Outputs and milestones

Outputs

Rust standard library ships with contracts in the rlib (but not built into the default object code).

Rustc has unstable support for embedding dynamic contract-checks into Rust object code.

Some dynamic tool (e.g. miri or valgrind) that can dynamically check contracts whose bodies are not embedded into the object code.

Some static verification tool (e.g. Kani) leverages contracts shipped with Rust standard library.

Milestones

Unstable syntactic support for contracts in Rust programs (at API boundaries at bare minimum, but hopefully also at other natural points in a code base.)

Support for extracting contracts for a given item from an rlib.

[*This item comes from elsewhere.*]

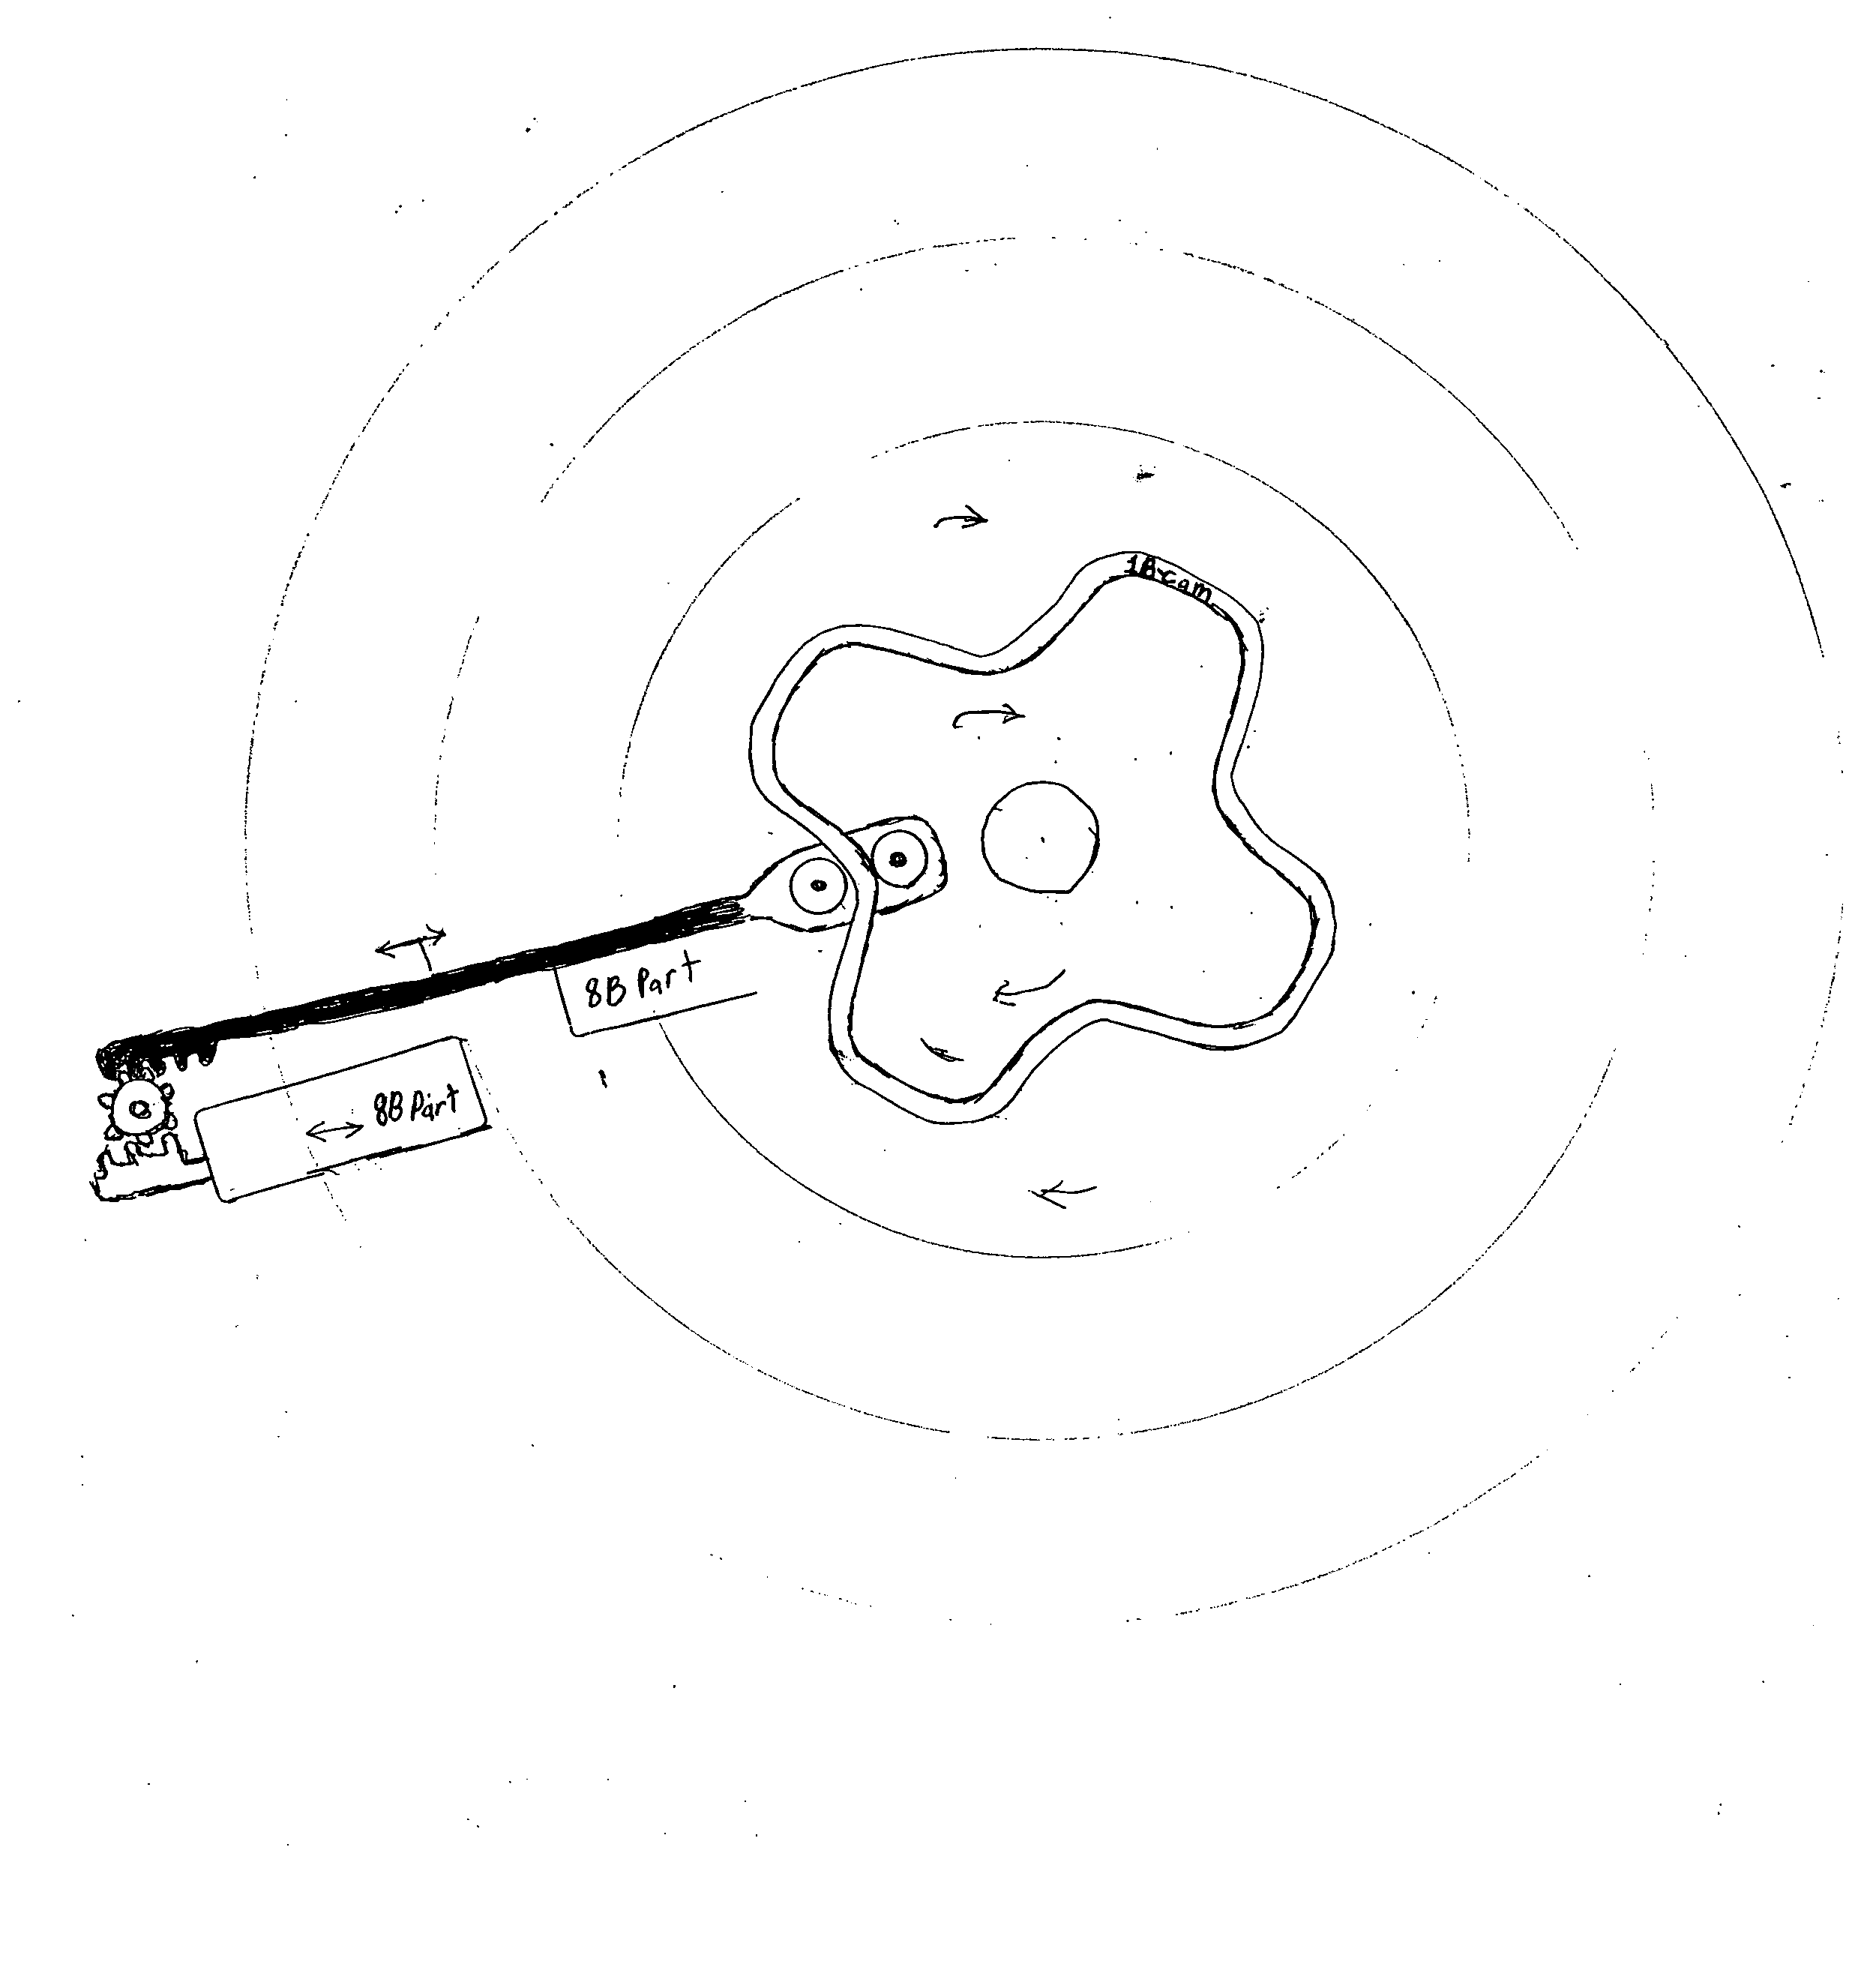 Patent US20070246939 - Perpetual motion machine - Google Patents

Frequently asked questions

Q: How do contracts help static verification tools?

Answer: Once we have a contract language built into rustc, we can include its expressions as part of the compilation pipeline, turning them into HIR, THIR, MIR, et cetera.

For example, we could add contract-specific intrinsics that map to new MIR instructions. Then tools can decide to interpret those instructions. rustc, on its own, can decide whether it wants to map them to LLVM, or into valgrind calls, et cetera. (Or compiler could throw them away; but: unused = untested = unmaintained)

Q: Why do you differentiate between the semantics for dynamic validation vs static verification?

See next question for an answer to this.

Q: How are you planning to dynamically check arbitrary contracts?

A dynamic check of the construct forall(|x:T| { … }) sounds problematic for most T of interest

pnkfelix's expectation here is that we would not actually expect to support forall(|x:T| ...) in a dynamic context, not in the general case of arbitrary T.

pnkfelix's current favorite solution for cracking this nut: a new form, forall!(|x:T| suchas: [x_expr1, x_expr2, …] { … }), where the semantics is "this is saying that the predicate must hold for all T, but in particular, we are hinting to the dynamic semantics that it can draw from the given sample population denoted by x_expr1, x_expr2, etc.

Static tools can ignore the sample population, while dynamic tools can use the sample population directly, or feed them into a fuzzer, etc.

Q: Doesn't formal specifications need stuff like unbounded arithmetic?

Some specifications benefit from using constructs like unbounded integers, or sequences, or sets. (Especially important for devising abstraction functions/relations to describe the meaning of a given type.)

Is this in conflict with “Balance accessibility over power”?

pnkfelix sees two main problems here: 1. Dynamic interpretation may incur unacceptably high overhead. 2. Freely copying terms (i.e. ignoring ownership) is sometimes useful.

Maybe the answer is that some contract forms simply cannot be interpreted via the Rust abstract machine. And to be clear: That is not a failure! If some forms can only be checked in the context of miri or some other third-party tool, so be it.

Q: What about unsafe code?

pnkfelix does not know the complete answer here.

Some dynamic checks would benefit from access to memory model internals.

But in general, checking the correctness of an unsafe abstraction needs type-specific ghost state (to model permissions, etc). We are leaving this for future work, it may or may not get resolved this year.